Торт стоял посредине стола, как мина замедленного действия, как ящик с непонятным секретом, и никто не решался дотронуться до него.
--Ребус, - продолжил свекор, барабаня пальцами по полированной столешнице.
--Что ж, поглядеть надо. Может, и не ребус, а так: на тебе, боже, что нам негоже. Может, испорченный, негодный самому продукт, - сказала Галина Гавриловна.
Осторожно развязали розовую тесьму, сняли крышку. Торт был красив - с орехами, с красивыми цветами и гирляндами. Свекор звучно нюхнул. Ничего не понял. Аккуратно поддев ногтем толику крема, взял на язык и, глядя в потолок, долго чмокая, заключил:
--Свежий.
Гадали долго, обстоятельно, вполголоса.
--Не спер ли старик где-нибудь несколько таких коробок? Одному не слопать. Чего же не отдать тому-другому. Не пропадать же добру, - предположил Григорий Григорьевич.
--Продал бы тогда. Чего задарма дарить, - возразила свекровь Галина Гавриловна.
--Ребус, - глядя в потолок, сказал свекор. - Может, Герман разгадает.
Сын Даши, Алешка, вернувшись из школы, предложил съесть всем по куску. На него шикнули и дали подзатыльник.
--Не трогай, сынок, папа придет, и все установит, - попросила Даша.
Придя с работы, Герман и вправду быстро все разгадал.
--Во, хрен старый. Это он что - к Дашке клин подбивает. Зачем взяла-то, дура?
Герман пришел не в духе: стоящий на разрубе коллега Вася Ганин выиграл по лотерее холодильник. Везет дуракам.
--А что ж такого, Гера. Принес и отдал. Я и слова не успела вымолвить. Странный человек, сам знаешь, - оправдывалась Даша.
--Отчего же мне этот странник просто так бутылку не подарил? Ты мне лапшу на уши не вешай. Знаем мы эти калики-моргалики. Сегодня торт, завтра - духи, а потом и другие дела пойдут. Чокмоль!
--Ну, раскапустился. Стыда нет, говорить так о пожилом человеке.
--Заткнись. Видали мы этих пожилых...
--Он дело говорит, Дарья, - указал свекор.

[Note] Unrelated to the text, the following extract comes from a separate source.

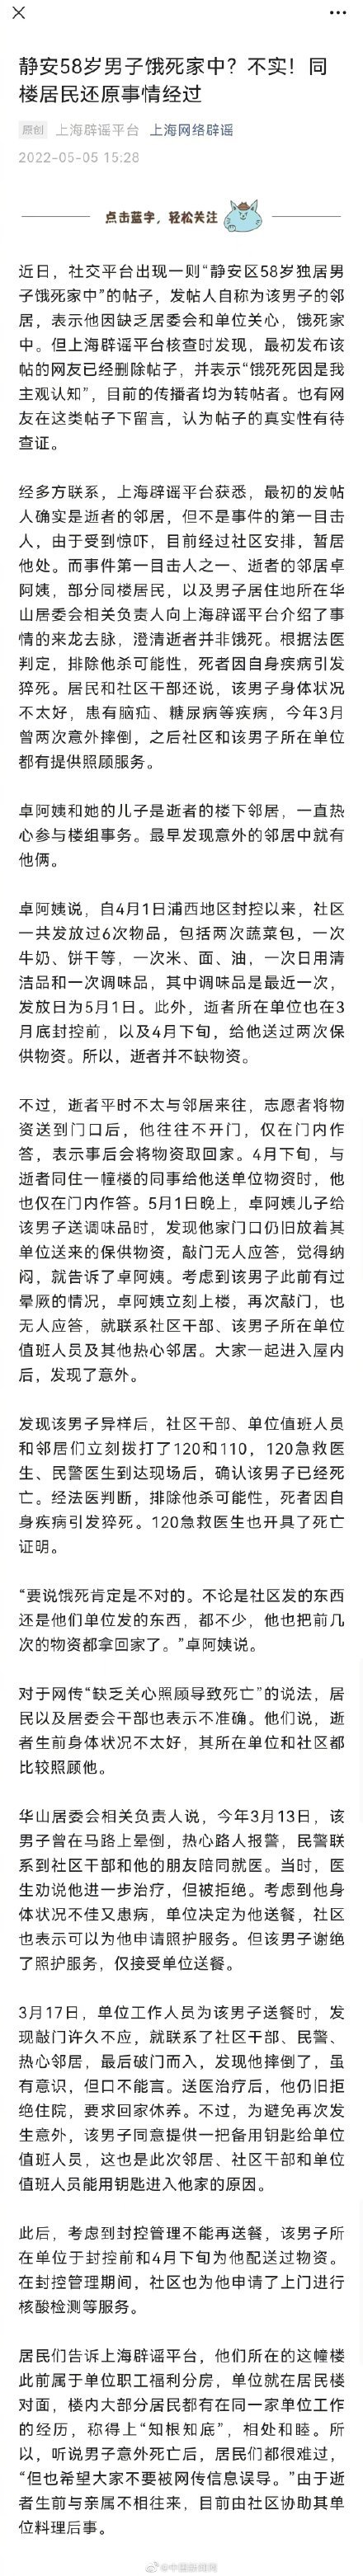 上海58岁独居男子饿死家中?不实!因自身疾病引发猝死
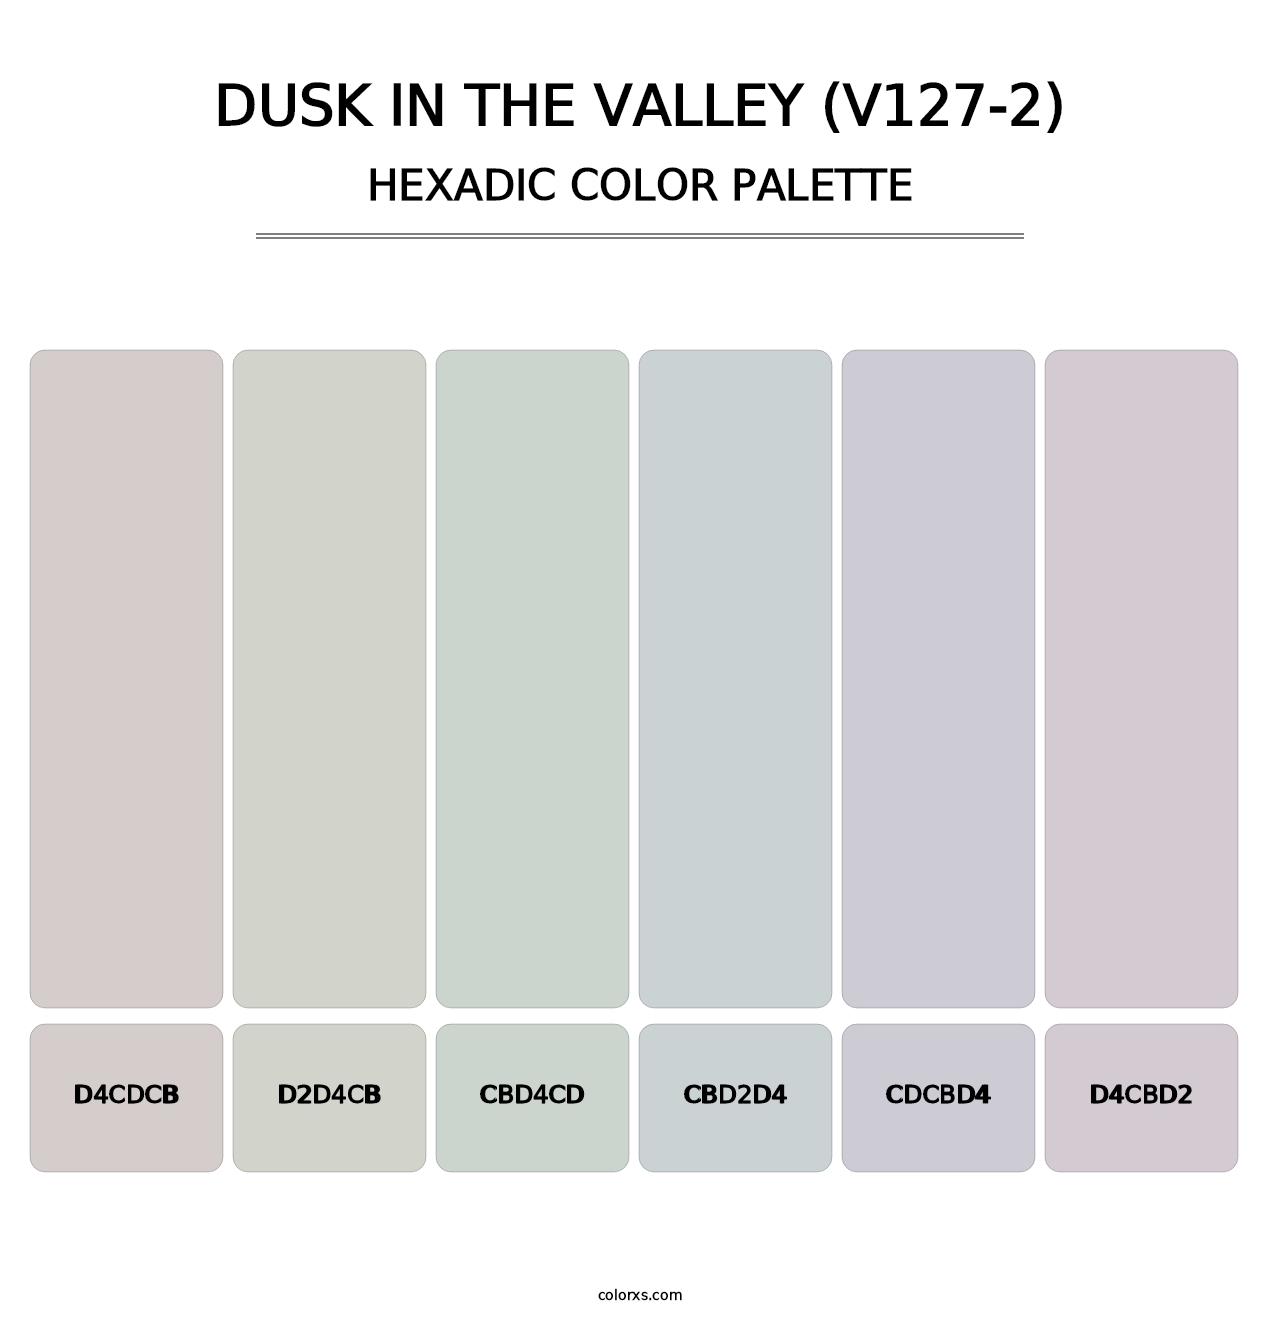 Dusk in the Valley (V127-2) - Hexadic Color Palette

Герман перевязал тесьмой коробку и энергично вышел. Корней Афанасьевич встретил его доверчивой улыбкой, которая всегда раздражала делового мясника.
--Забери-ка, папаша, свою крем-брюле. И в душу к моей дуре деревенской не влазь. Понял?
--Как вы скверно говорите, Герман Григорьевич. Дарья Кузьминична хорошая, добрая женщина. И совсем не глупая, как вы изволили выразиться.
--Нравится?
--Безусловно. Замечательная женщина...
--Держи коробку. Сами в силе купить.
Поздним вечером, когда все уснули, Даша сидела одна на кухне и распускала косу. По радио передавали музыку. Звучал какой-то марш с далекой, знакомой мелодией. И Даша вспомнила, что такая же мелодия звучала в загсе, когда она с Германом стояла молодая, счастливая, в ярком, праздничном зале. Потом машина с кольцами и лентами укатила их на свадьбу. Когда это было? Это было ровно десять лет назад. В апреле. Да, точно, двадцать третьего апреля. А сегодня? Полчаса назад кончилось двадцать третье апреля. И все забыли о маленьком юбилее - десятилетии совместной жизни с Германом...Но, может быть, наш странный сосед запомнил этот день и оттого принес торт? Как же он мог запомнить, если мы забыли? А если запомнил - почему ничего не сказал, не поздравил? Вот чудак...
Даша хотела разбудить мужа и его родителей, чтобы все объяснить, чтобы всем стало ясно то, что поняла она сама. Но она будить никого не стала. Только еще долго сидела на кухне и немного всплакнула...
Утром она на работу не пошла - имелась справка от врача. В десять часов свекор и свекровь направились гулять, а Даша позвонила в квартиру соседа.
--Вы уж извините, Корней Афанасьевич, мужа моего. Погорячился. Так-то он неплохой, если не горячится...
--Что вы, друг мой, я понимаю. И нисколечко не сержусь, честное слово, - улыбнулся Корней Афанасьевич, кротко посмотрев в лицо Даши.
Та прикрыла краем платка глаз и сказала:
--Удивляюсь только, как вы запомнили, что у нас круглая дата?
--Какая, простите, дата?
--Десятилетие супружества.
--Извините, не знал, честное слово, совсем не знал. Десять лет, говорите? По нынешним быстрым временам это стаж. И немалый. Поздравляю. Рад за вас.
--Спасибо, - несколько растерянно сказала Даша. - Только раз вы не знали - за что же торт подарили?
--А так. Ни за что. Купил с пенсии. А у меня никого нет. Дай, думаю, порадую вас...Весна-то какая чудная...
--Выходит, просто так?
--Просто так. На одной земле живем. В одно-единственное, понимаете - единственное время...
"Славный старикан. Только все же не совсем нормальный, не совсем", - думала Даша, вернувшись к себе и снимая платок.